◆ ABOUT THIS EXERCISE:
Each line of the listing below, from the very first to the one that contains "Beispiel Screenshot estos", is to be retyped exactly as it stands.
== DATASET ENTRIES
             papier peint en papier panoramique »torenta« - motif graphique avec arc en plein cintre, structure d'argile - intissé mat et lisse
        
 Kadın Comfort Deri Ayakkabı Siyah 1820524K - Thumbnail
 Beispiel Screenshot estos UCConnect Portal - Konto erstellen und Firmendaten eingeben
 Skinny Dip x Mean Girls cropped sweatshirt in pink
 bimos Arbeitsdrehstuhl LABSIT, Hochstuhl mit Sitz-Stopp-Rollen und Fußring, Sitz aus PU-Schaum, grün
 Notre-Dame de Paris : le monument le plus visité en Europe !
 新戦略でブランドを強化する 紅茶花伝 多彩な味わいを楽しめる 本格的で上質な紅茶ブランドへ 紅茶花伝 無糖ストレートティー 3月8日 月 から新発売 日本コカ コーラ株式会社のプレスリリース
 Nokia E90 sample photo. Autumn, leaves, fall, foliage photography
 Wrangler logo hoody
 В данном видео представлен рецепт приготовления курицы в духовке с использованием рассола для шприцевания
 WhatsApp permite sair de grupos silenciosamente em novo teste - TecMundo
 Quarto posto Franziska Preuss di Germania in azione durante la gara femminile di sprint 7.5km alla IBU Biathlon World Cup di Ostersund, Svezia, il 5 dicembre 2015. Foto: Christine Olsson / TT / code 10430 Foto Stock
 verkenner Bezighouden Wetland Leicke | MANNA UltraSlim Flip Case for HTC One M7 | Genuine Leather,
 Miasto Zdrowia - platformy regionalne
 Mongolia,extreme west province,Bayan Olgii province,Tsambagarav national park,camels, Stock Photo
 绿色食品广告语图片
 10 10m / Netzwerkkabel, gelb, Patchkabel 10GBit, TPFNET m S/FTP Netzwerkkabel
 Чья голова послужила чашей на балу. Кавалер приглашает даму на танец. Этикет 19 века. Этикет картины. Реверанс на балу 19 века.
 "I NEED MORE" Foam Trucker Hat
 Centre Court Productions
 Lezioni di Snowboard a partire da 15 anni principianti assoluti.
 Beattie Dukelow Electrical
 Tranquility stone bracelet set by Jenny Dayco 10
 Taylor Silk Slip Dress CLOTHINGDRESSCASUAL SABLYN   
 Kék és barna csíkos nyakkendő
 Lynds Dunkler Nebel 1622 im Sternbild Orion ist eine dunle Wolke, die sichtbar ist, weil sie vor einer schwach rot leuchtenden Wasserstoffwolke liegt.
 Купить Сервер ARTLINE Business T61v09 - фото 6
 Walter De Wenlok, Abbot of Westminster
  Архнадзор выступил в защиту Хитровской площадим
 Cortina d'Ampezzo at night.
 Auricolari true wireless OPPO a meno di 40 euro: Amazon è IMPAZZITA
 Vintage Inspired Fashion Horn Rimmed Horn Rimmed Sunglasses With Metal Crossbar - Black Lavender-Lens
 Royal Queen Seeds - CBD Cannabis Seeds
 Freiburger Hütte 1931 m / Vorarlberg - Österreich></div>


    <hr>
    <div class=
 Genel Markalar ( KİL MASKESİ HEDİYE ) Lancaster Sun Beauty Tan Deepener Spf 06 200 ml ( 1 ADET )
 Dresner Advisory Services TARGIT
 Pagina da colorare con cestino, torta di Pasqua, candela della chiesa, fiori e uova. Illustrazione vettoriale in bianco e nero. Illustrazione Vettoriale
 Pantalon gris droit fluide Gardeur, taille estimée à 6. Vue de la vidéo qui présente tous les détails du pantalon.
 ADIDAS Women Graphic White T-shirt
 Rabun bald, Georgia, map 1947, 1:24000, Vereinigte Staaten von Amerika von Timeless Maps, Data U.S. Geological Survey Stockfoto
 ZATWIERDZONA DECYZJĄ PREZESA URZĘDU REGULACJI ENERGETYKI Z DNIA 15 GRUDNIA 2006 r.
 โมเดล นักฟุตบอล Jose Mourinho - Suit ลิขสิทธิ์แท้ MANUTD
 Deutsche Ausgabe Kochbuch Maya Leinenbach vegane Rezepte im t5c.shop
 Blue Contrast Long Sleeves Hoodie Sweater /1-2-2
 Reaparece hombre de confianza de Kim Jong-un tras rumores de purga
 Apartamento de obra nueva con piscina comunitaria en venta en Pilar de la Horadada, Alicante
====
◆ OUTPUT OF THE TASK:
             papier peint en papier panoramique »torenta« - motif graphique avec arc en plein cintre, structure d'argile - intissé mat et lisse
        
 Kadın Comfort Deri Ayakkabı Siyah 1820524K - Thumbnail
 Beispiel Screenshot estos UCConnect Portal - Konto erstellen und Firmendaten eingeben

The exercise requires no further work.